I have come across a lot of posts addressing the simple combination of uniformly distributed variables, such as $X + Y$ and $X - Y$. Again, the expression this problem involves is much more complicated, which is why I am asking this question.

I have also used simulation to plot what the distribution looks like, which assures me there is an answer (whether it is closed-form, I do not know) but gives me no clue how to get there.

Photo of Simulated Distribution

So - how do I go about finding the PDF of $Z = X_1 + X_2 + \sqrt{(X_2 - X_1)^2 + (Y_2 - Y_1)^2}$?

I need the exact distribution because I am looking for the closed-form probability that the expression is greater than 2.

Thanks in advance!

Amir
  • 4,305
Luke
  • 23
  • 3
  • Why are you looking for the exact distribution, which can be complex? You may use the empirical cdf, obtained from a large-size sample. – Amir Feb 03 '24 at 22:57
  • I have to find the closed form probability that the expression is greater than 2. Therefore any estimation techniques would be sub-optimal. – Luke Feb 04 '24 at 00:54
  • Please don't use "Edit:". Instead, revise the question so it reads well for someone who encounters it for the first time. See https://cs.meta.stackexchange.com/q/657/755 – D.W. Feb 04 '24 at 04:10
  • Considering your comment, check the answer please. – Amir Feb 04 '24 at 08:40
  • In view of the similarity with this question, please let us know the context that led you to consider this problem. – joriki Feb 08 '24 at 11:17

2 Answers2

3

The exact probabilty of that the expression is greater than 2 is

$$\color{blue}{\dfrac{12\ln\left(2\right)+13}{144}}\approx 0.1480400428244399,$$

obtained from this integral:

$$2\int_0^1 \frac{x^2}{4} \cdot\left(1-\ln\left(\frac{x^2}{4}\right)\right)\left(1-x\right) \text{d}x.$$

Let $X_1, Y_1, X_2, Y_2 \sim U(0,1)$, the expression

$$Z = X_1+X_2 +\sqrt{(X_2 - X_1)^2 + (Y_2 - Y_1)^2},$$

is given and we want to determine the probability $\mathbb P (Z>2)$.

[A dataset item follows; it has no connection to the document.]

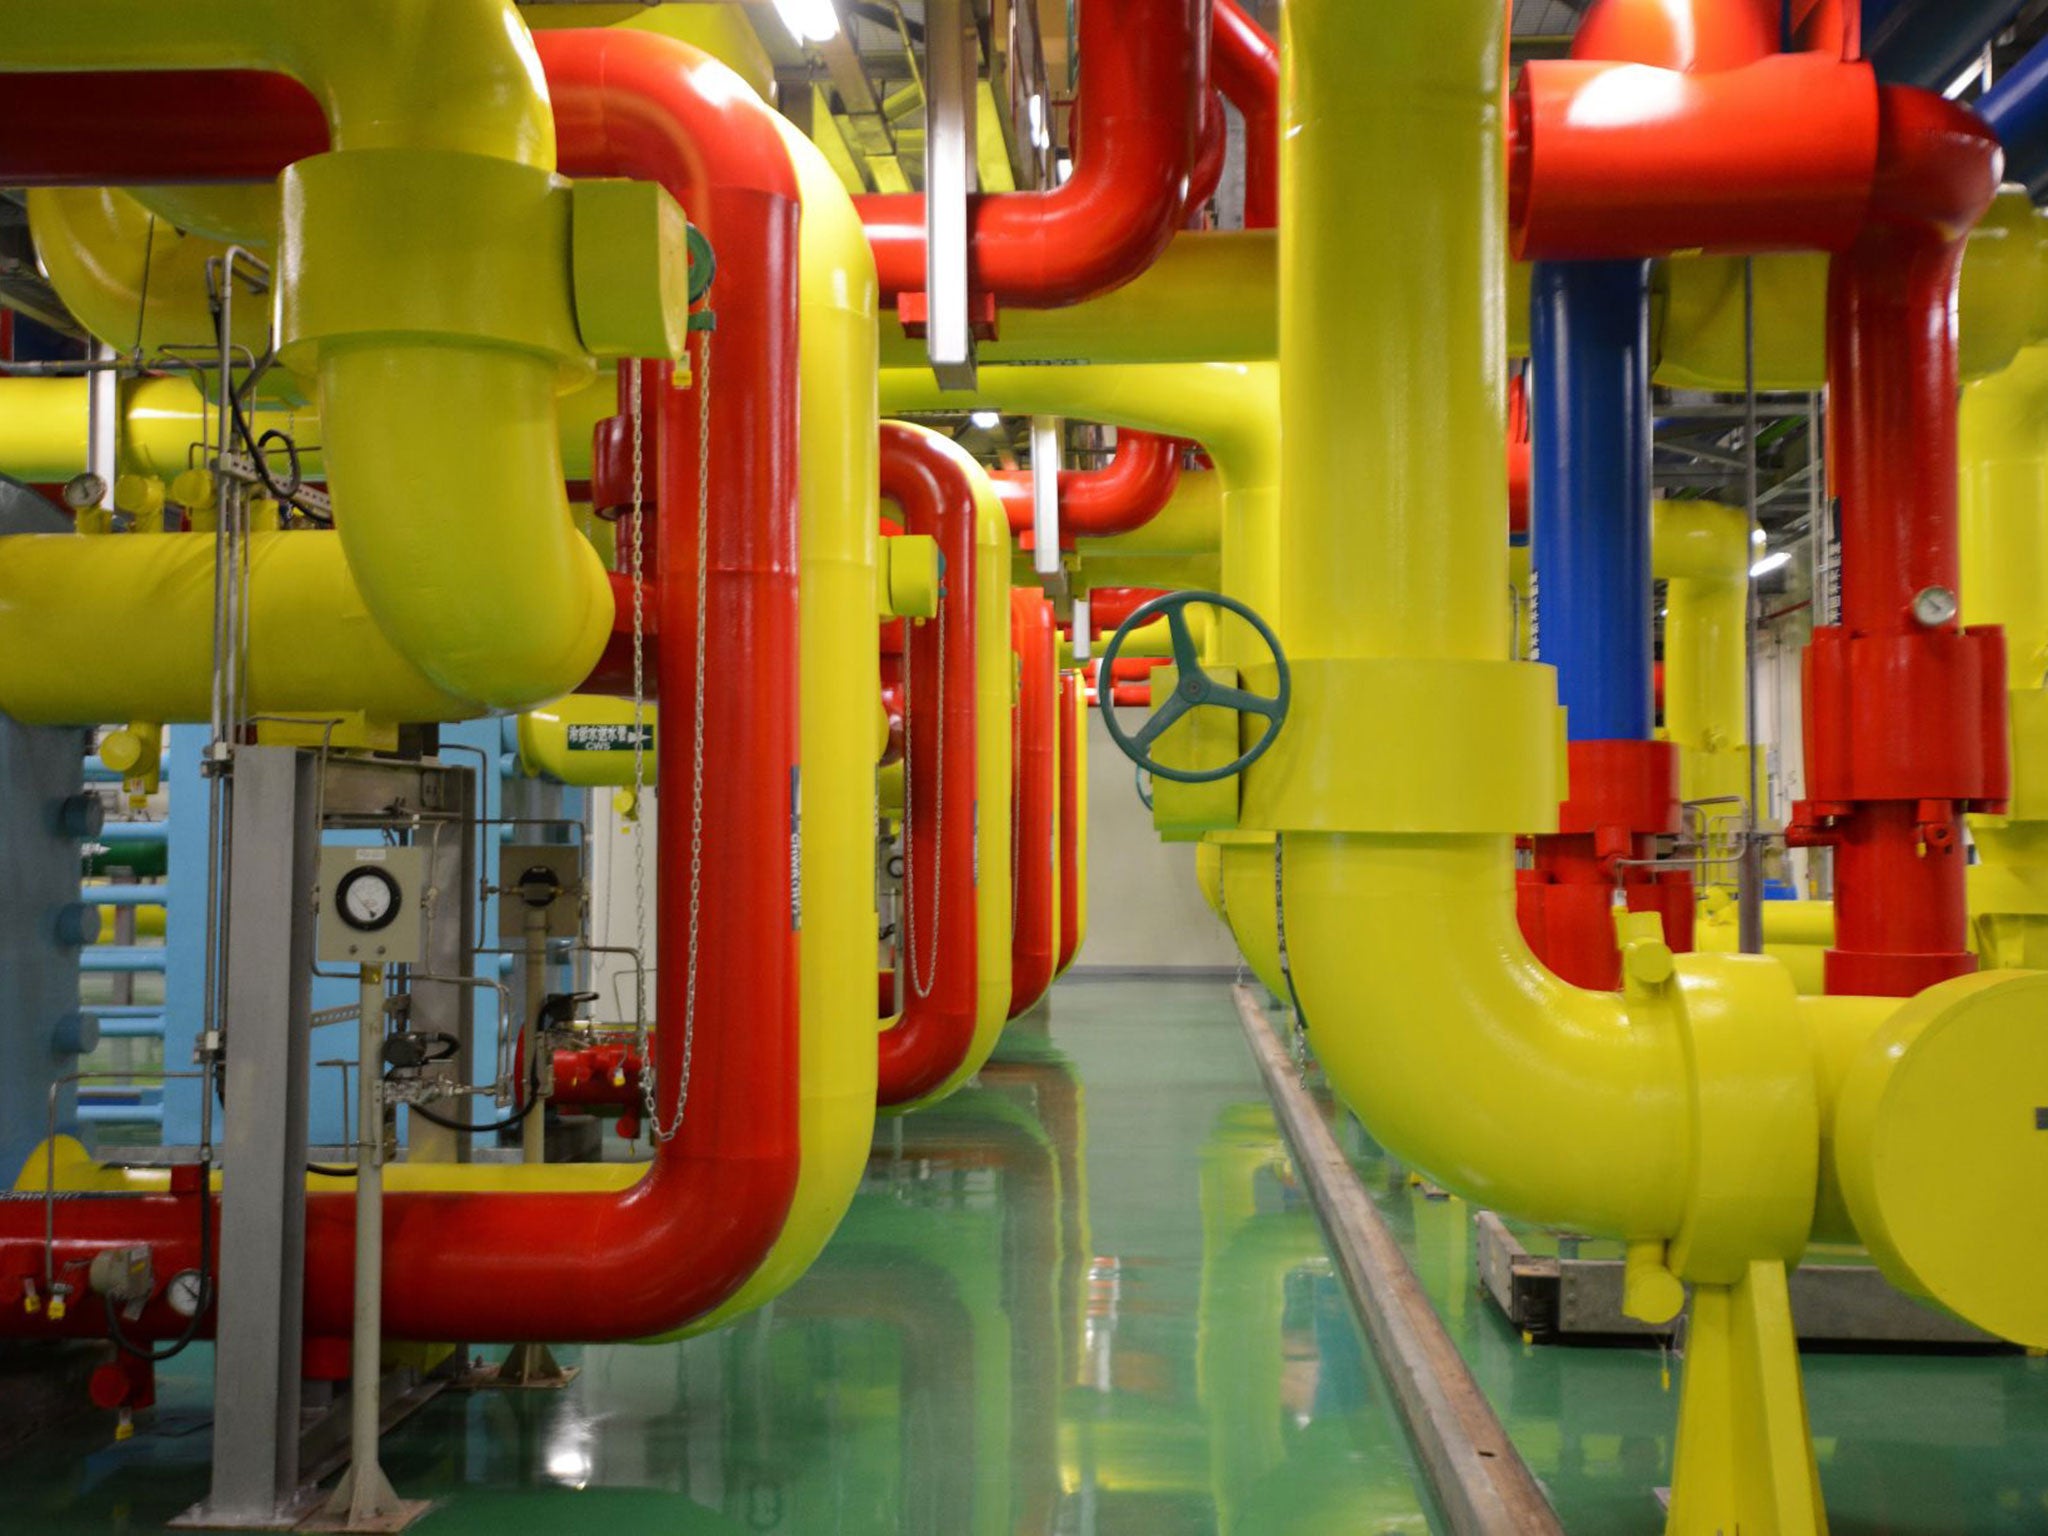 The facilities of the Google data centre in Taiwan

By defining $W_1=1-X_1, W_2=1-X_2 \sim U(0,1)$, we have the following key equivalence:

$$\color{blue}{\mathbb P (Z>2)=\mathbb P \left ( W_1W_2\le \frac{1}{4}(Y_1-Y_2)^2 \right)}=2\int_{0}^1 F_{W_1W_2}\left(\frac{x^2}{4}\right)\left(1-x\right) \text{d}x=2\int_0^1 \frac{x^2}{4} \left(1-\ln\left(\frac{x^2}{4}\right)\right)\left(1-x\right) \text{d}x.$$

Above, we used the following two results:

$$F_{W_1W_2}(t)=t(1-\ln t), \, t \in [0,1]$$

and

$$f_{|Y_1-Y_2|}(t)=2(1-t), \, t \in [0,1];$$

see here and here for more details.


For the general case $a \ge -2$, we have

$$\mathbb P (Z>2+a)=\mathbb P \left ( (2W_1+a)(2W_2+a)\le (Y_1-Y_2)^2 \right).$$

So you only need to find the cdf of $(2W_1+a)(2W_2+a)$ and follow the same method used above for $a=0$.

Amir
  • 4,305
0

I'm afraid this answer is not going to be very satisfactory, but with Mathematica, the command

1 - CDF[TransformedDistribution[x1 + x2 + Sqrt[(x1 - x2)^2 + (y1 - y2)^2],
  {Distributed[x1, UniformDistribution[{0, 1}]], 
   Distributed[x2, UniformDistribution[{0, 1}]], 
   Distributed[y1, UniformDistribution[{0, 1}]], 
   Distributed[y2, UniformDistribution[{0, 1}]]}], 2]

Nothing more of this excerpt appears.